Любой информационный обмен – будь это извне фиксируемый процесс, в котором одновременно принимает участие целое множество субъектов, или замкнутое незримое движение, непрестанно на протяжении всей жизни протекающее "внутри" каждого из нас – всегда представляет собой творческое начало. Но если любое знаковосприятие всегда окутывается атмосферой сопровождающего его чувства, значит, именно одухотворенное чувство в конечном счете становится той всеобщей стихией, которая движет любой творческий процесс. "Око за око и зуб за зуб" – не есть выражение какой-то природной человеческой жестокости, напротив, все здесь дышит если и не представлением о справедливости, то неистребимым порывом к ней, ее вечным поиском. Поэтому там, где законом этой стихии становится именно этот порыв, всеобщим мотивом человеческого творчества ставится его отзвук в формирующейся родовой морали. Но там, где концентрированной формой его выражения становятся откровения Нового Завета, уже не родовая мораль – нравственное чувство человека оказывается всеобщим законом созидания нашего мира. Вот только важно понять, что и Ветхий, и Новый заветы – это не вероучительные абсолюты (хотя, конечно, и они тоже), но лишь иносказание каких-то грандиозных рубежей, преодоленных нами…
6. ПОЛЯРИЗАЦИЯ СЛОВА
6.1. Границы значения
Итак, в полном контексте развития общества невозможность обеспечения абсолютного тождества смысла на обоих полюсах информационного обмена, свидетельствует не столько против знаковых систем, сколько в их пользу.
Но, как это ни парадоксально, если бы все они обладали одними только достоинствами, никакое общение было бы попросту невозможно. Слово, как мы видим, на поверку обнаруживает в себе смысловую бездну, но иррациональное постижение всего ее содержимого не может стать полноценной основой людского общения. Только совокупный разум всего человеческого рода в состоянии до конца постичь то, что оно на самом деле скрывает в себе, функционирующее же в рациональных формах индивидуальное сознание способно уяснить лишь что-то от сердцевины его содержания, но решительно не в силах исчерпать все оттенки и переливы значений. Поэтому там, где именно нюансы и полутона становятся ключевым предметом общения, уже отличия индивидуального опыта, пола, возраста, наконец, физического строения способны, как мы уже видели выше, воздвигнуть между нами непреодолимые преграды.

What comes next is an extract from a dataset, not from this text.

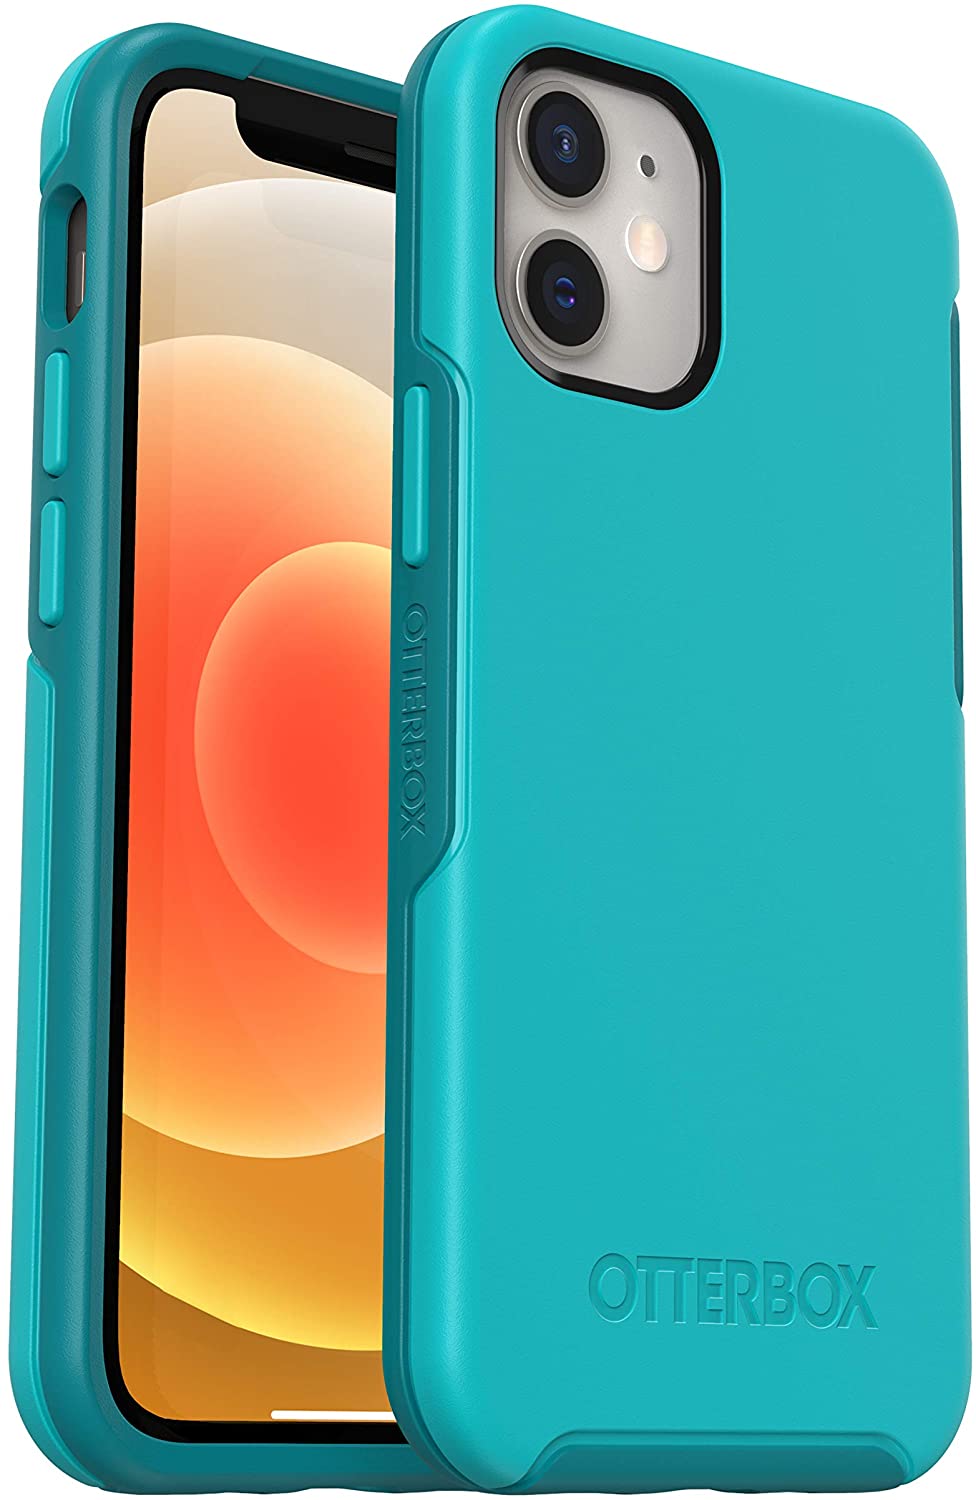 OtterBox SYMMETRY SERIES Case for Apple iPhone 12 Mini - Rock Candy (New)

Есть и другая сторона. Одного только согласия в чем-то расплывчатом и вечном недостаточно для преуспевания в практической жизни, нужно еще и взаимопонимание в каких-то утилитарных материях, которые, собственно, и заполняют наш быт, согласие в осмыслении точных деталей вещей, обустраивающих его. Существование социума немыслимо без повседневной координации совместных действий составляющих его индивидов. Меж тем, бытовое общение всегда предполагает разрешение каких-то, прикладных, а значит, требующих строгой взвешенности и точного расчета задач. А всякая точность возможна только там, где достигается единство понимания одного и того же предмета, где правит близкое к абсолюту тождество значений на всех полюсах информационного обмена. Но если достоянием отдельного человека может стать только ничтожно малая часть бездонного содержания знака, то полное взаимопонимание всех вовлеченных в совместную деятельность людей оказывается достижимым только там, где, подчиняясь уже не общим законам бытия, но контекстной ситуации, смысловой бесконечности вполне направленно полагаются узкие и, самое главное, – единые для всех пределы.
Вообще говоря, само понятие определения как раз и означает собой ограничение смысла слова, то есть начертание конечных границ, положение предела его полному значению.